Sn33p3r-->właśnie dobry pomysł to bedzie najlepsze rozwiązanie, bo jak mi zostanie ze 30 butelek czy 20 to nie mam zamiaru jej pić przez 10 lat , bo akurat wódki nie lubię. Myślę że znajdę jakąś hurtownie taką.

23.05.2006
16:05
smile
[26]

Misiak [ Pluszak ]

Hmmm.
Całkiem poważnie piszę.
A nie myślałaś o weselu bez wódki? Ja np. często o tym myślę, że kiedyś na moim weselu zrobić tak :)

23.05.2006
16:08
[27]

anksma [ BloodRayne ]

Ja i tak nie pije wódki,a kupuję ja dla gosci. Dla mnie może jej wogóle nie być , ale wątpie żeby goście wtedy byli zadowoleni , przynjamniej nie wszyscy:-)

23.05.2006
16:08
[28]

Sn33p3r [ Johnnie Walker ]

Misiak--->Watpie, zeby to byl dobry pomysl.Jak wiadomo na polskich weselach przyjelo sie, ze wszyscy pija i dobrze sie bawia.Przewaznie na wesele chodzi sie z nastawieniem, ze sie wypije wodeczke, porozmawia ze znajomymi i oglnie dobrze pobawi.No a bez wodeczki to raczej dretwo bedzie i ogolna stypa, a nie wesele:)

23.05.2006
16:25
[29]

Misiak [ Pluszak ]

Hmm, w sumie to ja kocham iść pod prąd. Poza tym wesele bez wódki wydaje się tańcze oraz hmm, ciekawsze? Bo oglądanie pijanych osób nie jest za ciekawe. A tak było by wino oraz piwko.

Hmm w sumie na wielu stypach też jest alkohol :D Tylko o jednego gościa mniej :P

23.05.2006
16:48
[30]

eros [ elektrybałt ]

Powiem tak - na moje bylo kupione zero piec na lebasa. Dodatkowo bylo wino biale i czerwone po 15 butelek. Potem sie okazalo, ze tata przywiozl jeszcze przepalanke - 2 czy 3 transportery. Oczywiscie zostalo wszystkiego, ALE przepalanke sie rozdalo razem z walowa, bo nie wszyscy wiedza jak toto smakuje:) Ponadto wodeczka, ktora zostala przydala sie na dlugie zimowe wieczory do drinkow. Wiadomo poza tym, ze taki produkt sie nie psuje, a zuzywa. Dylemat zaden. Co najwyzej mozna duza ilosc taniej kupic. No i grozba alkoholizmu, to tez fakt ;) Aha - dziwnym trafem alkohol najtanszy byl w marketach, a nie w hurtowniach, zarowno wodka jak i wino, choc ciezko mi to pojac, mowiac szczerze...

23.05.2006
16:49
smile
[31]

MasterDD [ :-D ]

To wszystko zalezy jakich gosci zapraszasz.
Ja mieszkam na kaszubach i tu upijanie sie na weselach jest codziennoscia.
Napisalas, ze nie bedziesz robic poprawin, to juz masz vodki mniej do zakupienia.

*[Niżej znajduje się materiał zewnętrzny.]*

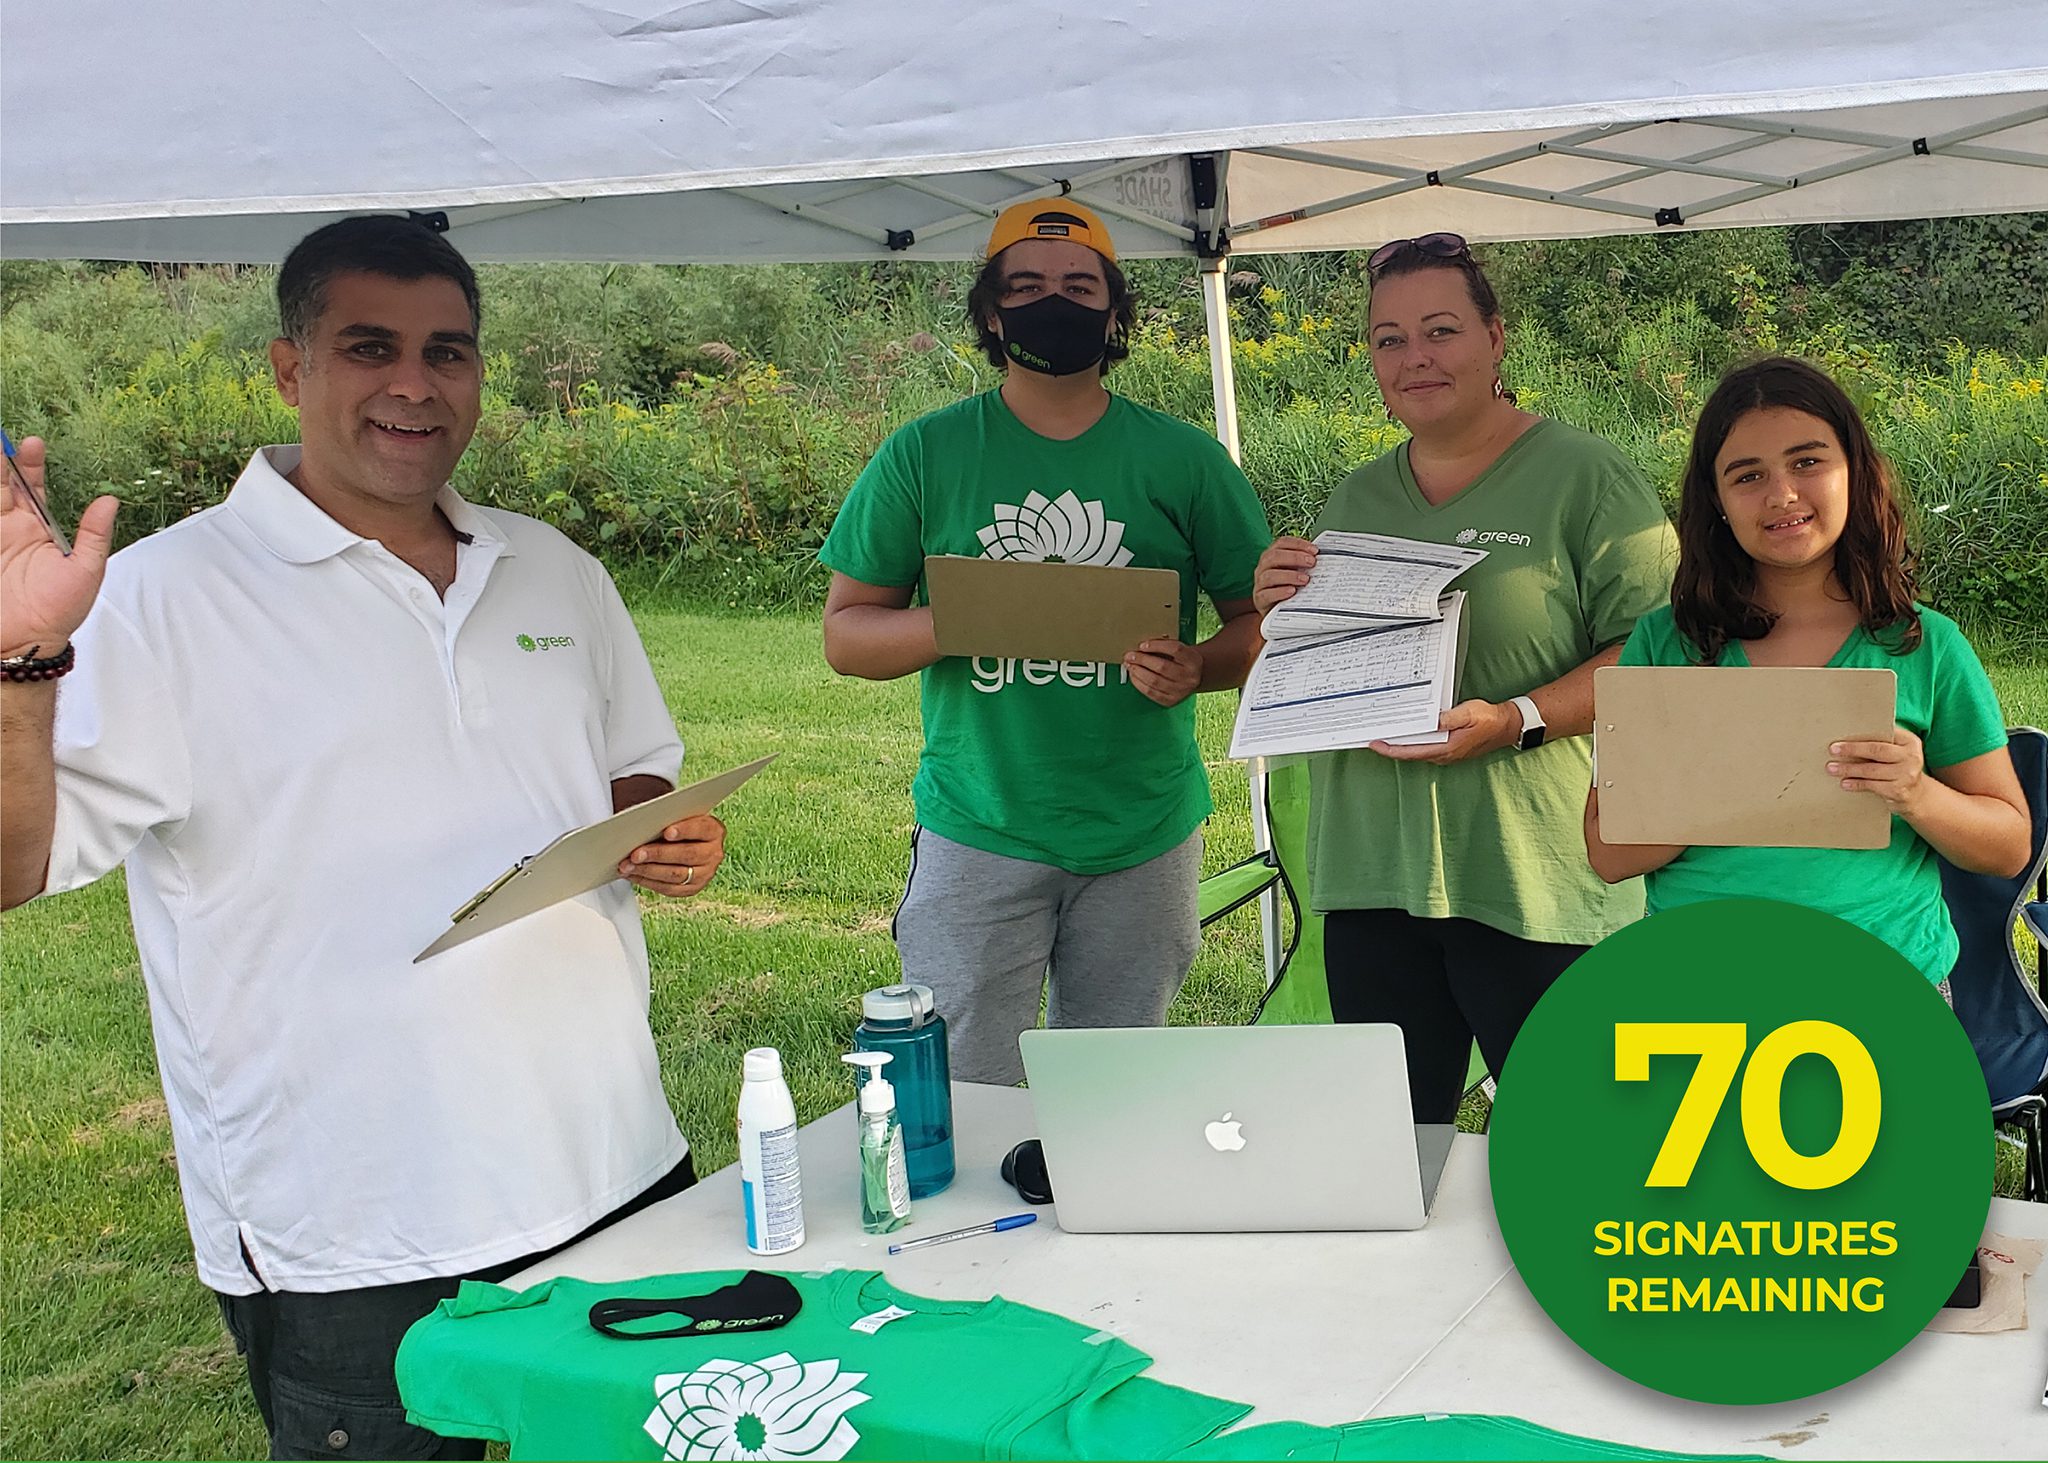 Bruno Sous 2021 Green Party Candidate - 70 Signatures Remaining

Kupujac vodke musisz tez patrzec na dodatkowe rzeczy. Np. danie komus vodki, jak zatrzyma konwój , gdy ktos niezaproszony przyjdzie z kwiatkiem itp.
Ja mysle, ze na te pol litra na lep musisz liczyc.
Ja bym wolal nie myslec co by sie stalo gdyby zabraklo vódy na moim weselu, uhuhu, ale by sie dzialo :D

23.05.2006
16:51
[32]

??? [ tomi_boss ]

moze byc zamalo :) tymbardziej ze zwykle jak goscie ida z wesela to sie im daje po pol litra pod pache na droge :)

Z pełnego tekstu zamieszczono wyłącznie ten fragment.